I know this is quite an old thread, but figured I’d try. I’ve lost a shim during the injector job. Any suggestions on replacing or making a new one? RealOem does not show this as a part number when I enter my Vin so looking for any suggestions so I can get my injectors back together. Thanks!


----------



## Doug Huffman (Apr 25, 2015)

BMW E70 X5 xDrive35d SAV / Repair Manuals and Technical Data / 13 Fuel preparation and control / 13 53 Fuel Injector Nozzles and Lines /
13 53 315
Removing and installing/replacing all injectors in injection system

Only for vehicles with a production date between 27/01/2012 and 05/10/2012: 
For some cylinder heads, a shim is installed below the injector. It is important to note that the shim is installed. If the shim is not installed or two shims are installed, a malfunction of the engine may occur (e.g. irregular engine running, exhaust fumes).
*If the shim below the injector is lost, the entire cylinder head must to be renewed.*


----------



## wayne3546 (May 19, 2016)

As it turned out, all but one of my cylinders had shims. The missing one could have been lost previously. I can't say for sure, but I find it hard to believe one hole was drilled correctly. Most likely the mistake was made on all 6.

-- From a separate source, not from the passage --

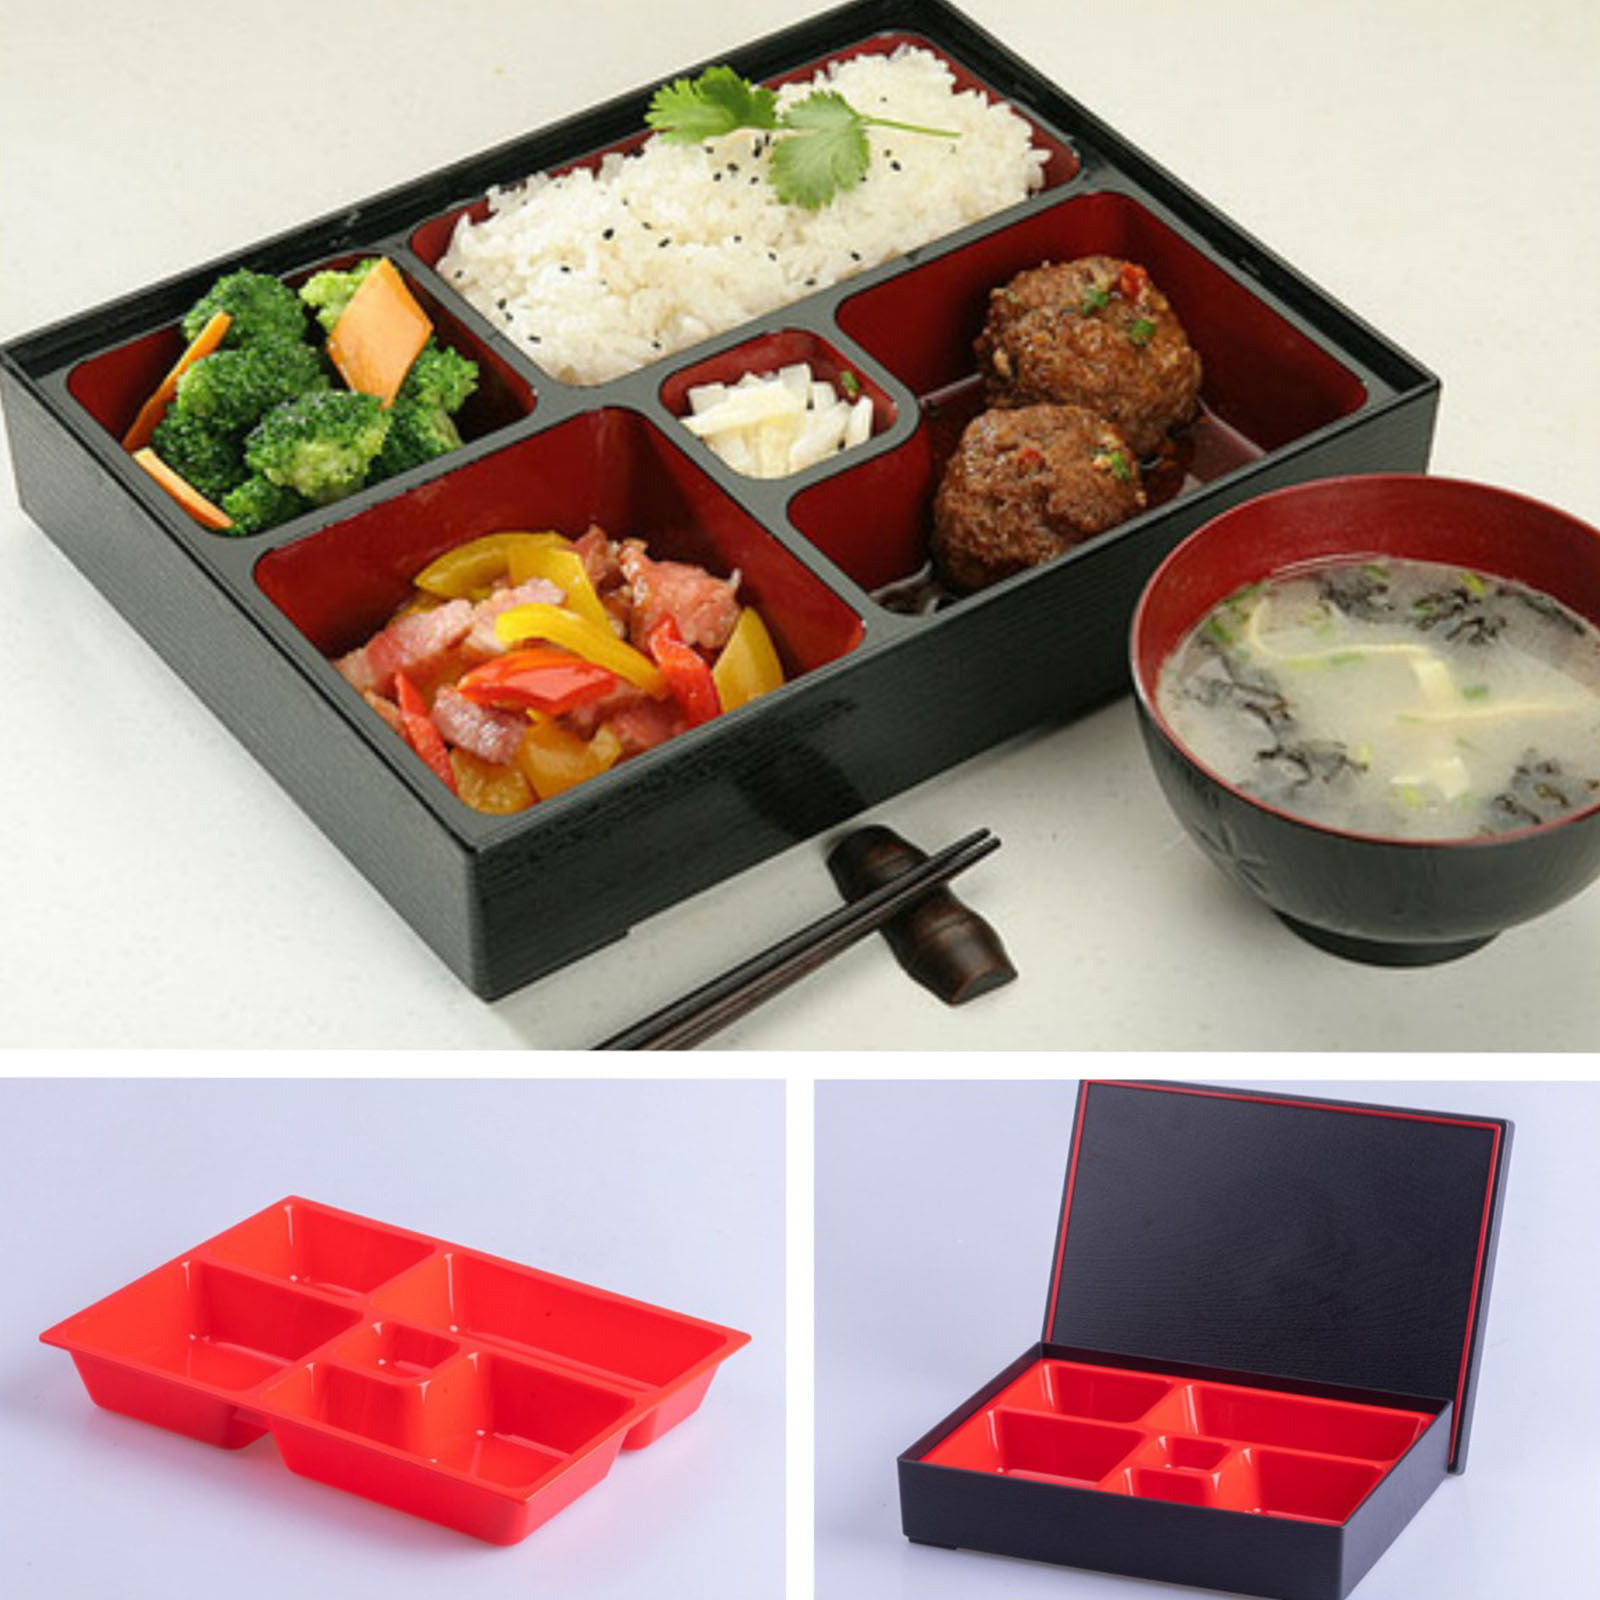 JapanBargain 1923, Red and Black Japanese Traditional Plastic Lacquered  Lunch Bento Box 5 Compartments for Restaurant or Home Tray Plate and Lid  3pc

I replaced the injector without the shim and it runs okay. I have entertained the idea of putting 2 copper shims on the injector that is missing the shim.

The next time I pull an injector, I will measure the thickness to see if the shim is 1.85 mm and maybe have one made.


----------



## Doug Huffman (Apr 25, 2015)

wayne3546 said:


> As it turned out, all but one of my cylinders had shims.


Why would you remove all of your injectors?

Don’t fix what ain’t broke lest one fix until ‘broke’.


----------



## wayne3546 (May 19, 2016)

I had to replace the gasket under the cylinder head cover.


----------



## JakeM70 (Aug 27, 2021)

This is one from the other cyclinder. There’s no way I’m replacing the head lol, so I’m going to replicate something similar.


----------